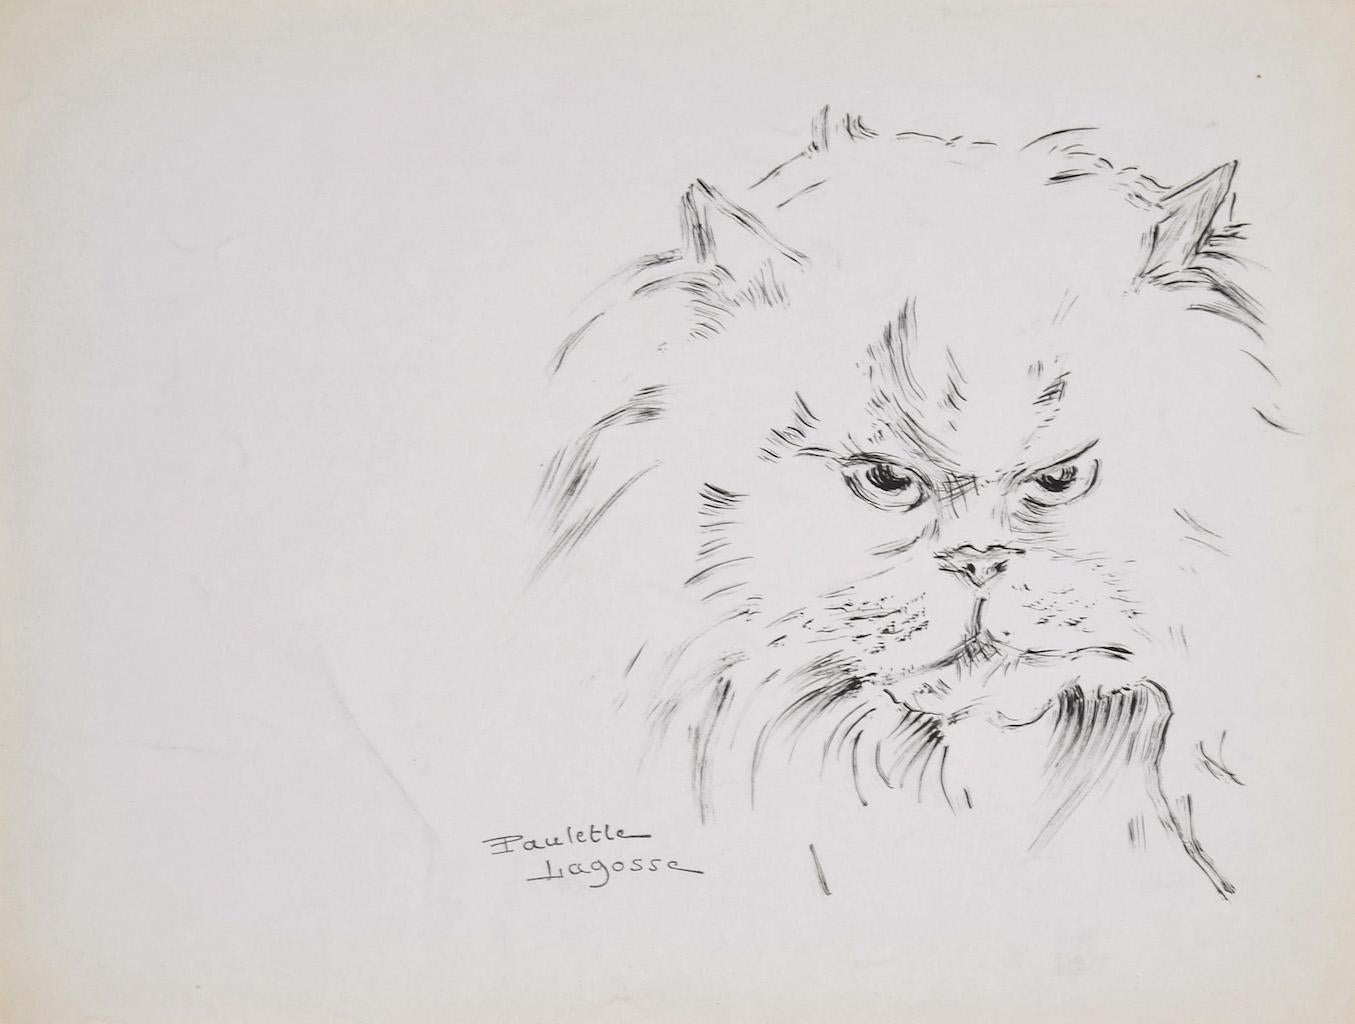 The Cat - Pen on Paper by Marie Paulette Lagosse - 1970s
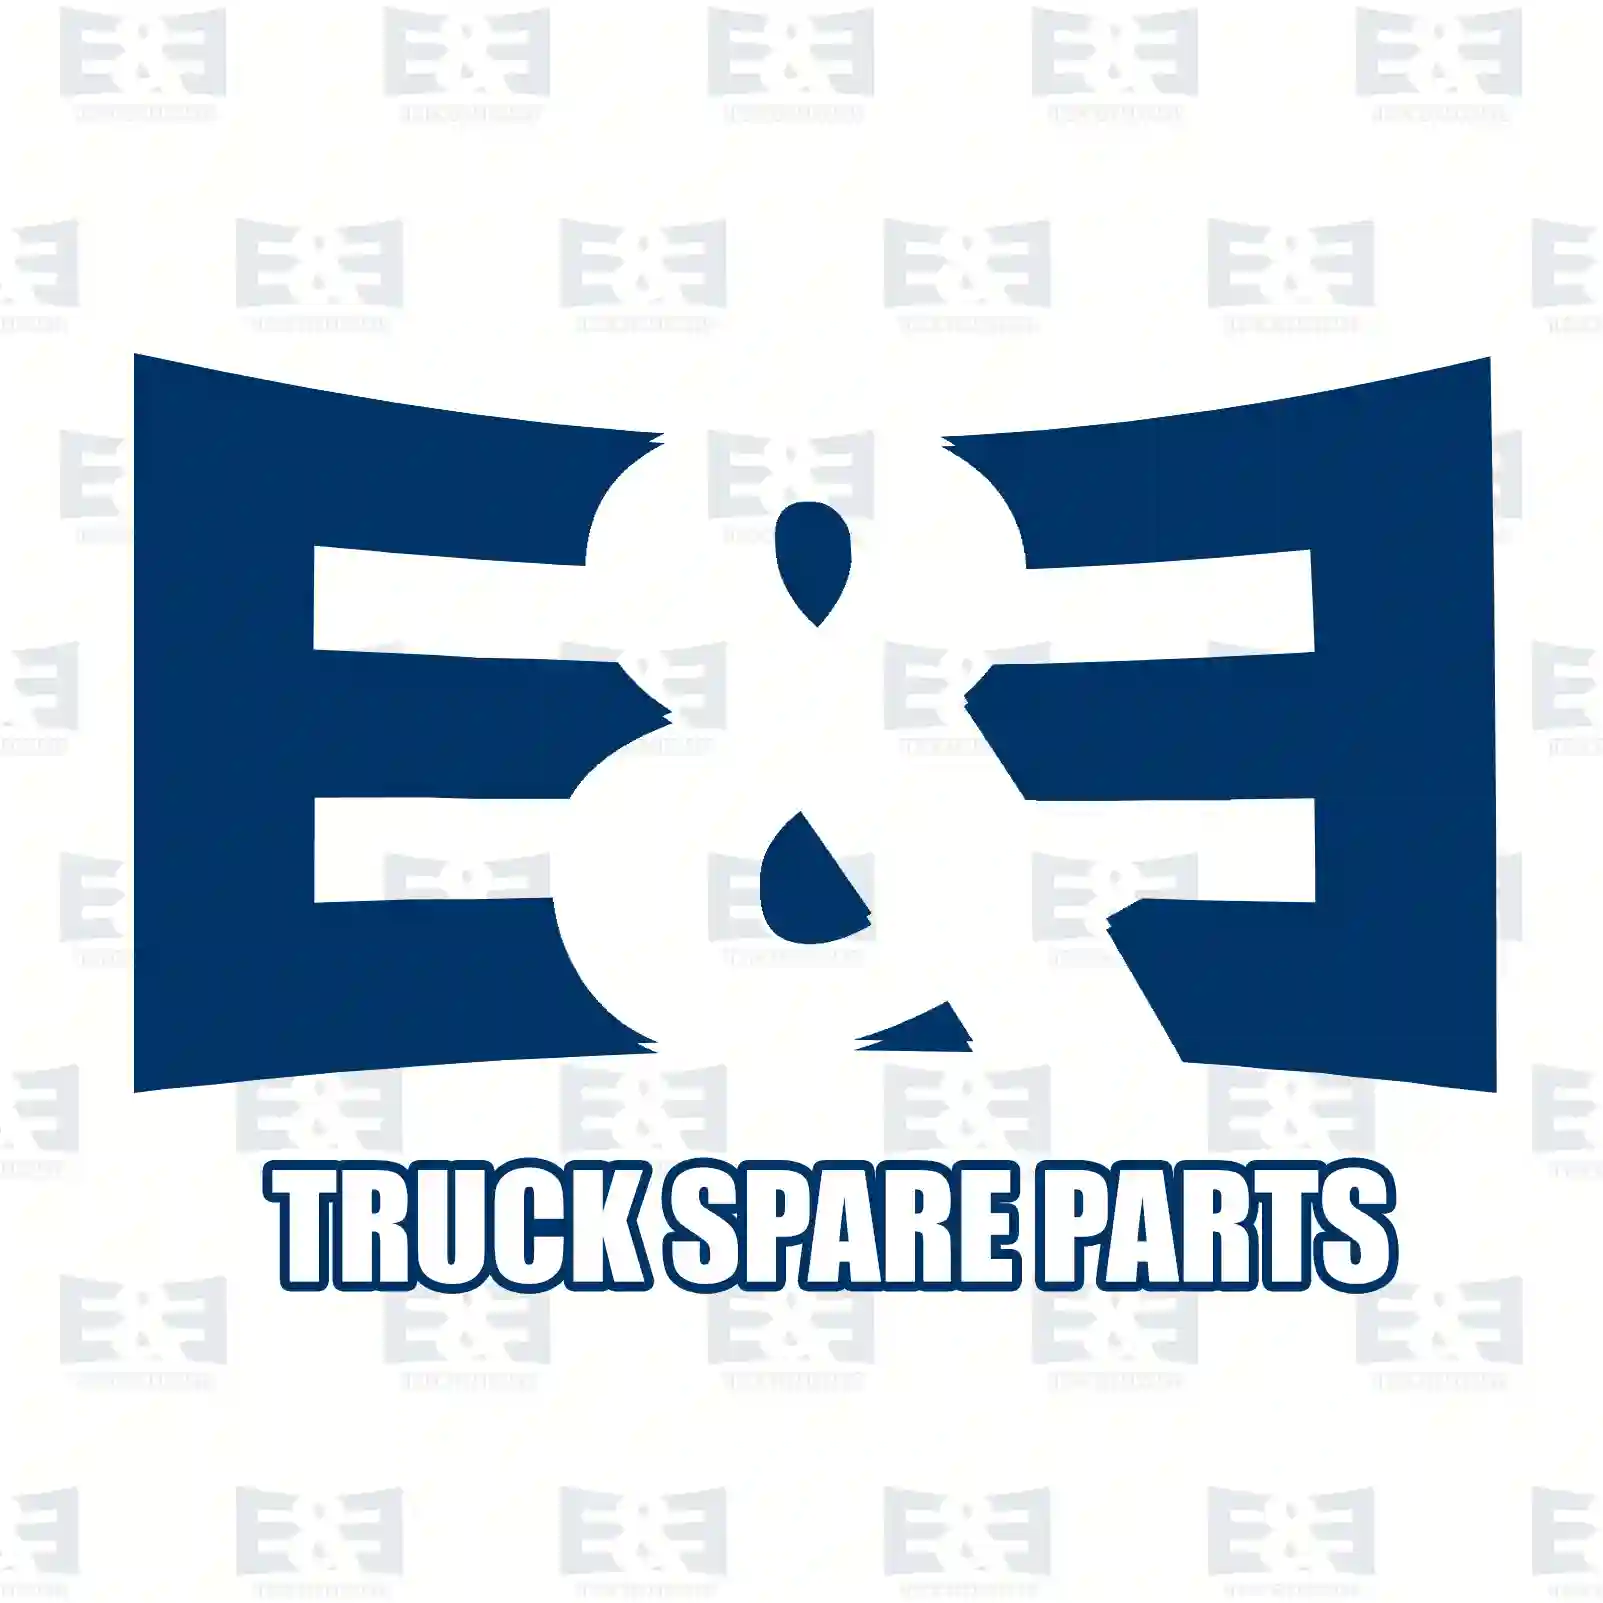 Input shaft, 2E2278837, 1673542, 20781951, 8171556 ||  2E2278837 E&E Truck Spare Parts | Truck Spare Parts, Auotomotive Spare Parts Input shaft, 2E2278837, 1673542, 20781951, 8171556 ||  2E2278837 E&E Truck Spare Parts | Truck Spare Parts, Auotomotive Spare Parts
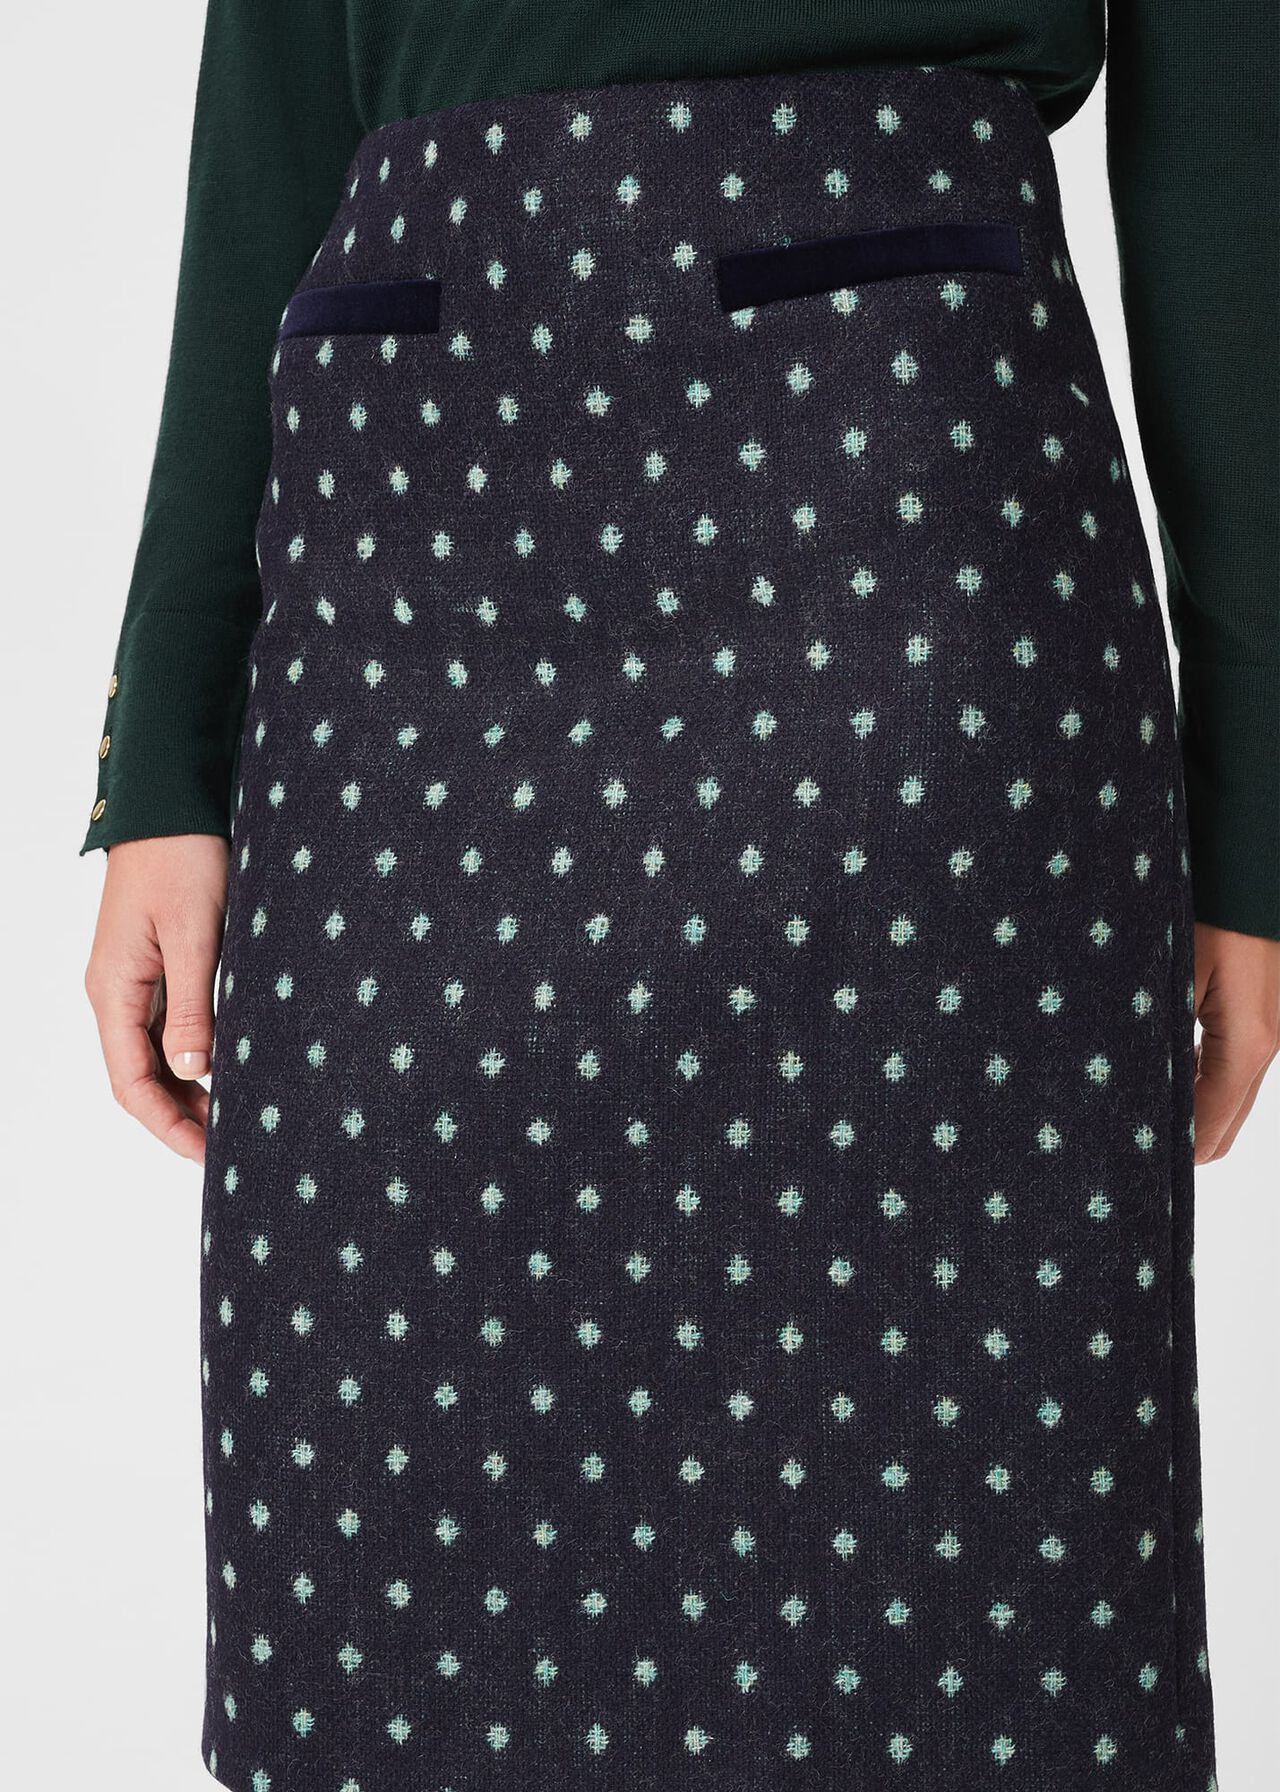 Tessa Wool Pencil Skirt, Navy Green, hi-res

• _Task requirements_: Skip every picture, and give the rest of the material above again exactly.

• _Solution to the problem_:
 The Cat - Pen on Paper by Marie Paulette Lagosse - 1970s
 Input shaft, 2E2278837, 1673542, 20781951, 8171556 ||  2E2278837 E&E Truck Spare Parts | Truck Spare Parts, Auotomotive Spare Parts Input shaft, 2E2278837, 1673542, 20781951, 8171556 ||  2E2278837 E&E Truck Spare Parts | Truck Spare Parts, Auotomotive Spare Parts
 Tessa Wool Pencil Skirt, Navy Green, hi-res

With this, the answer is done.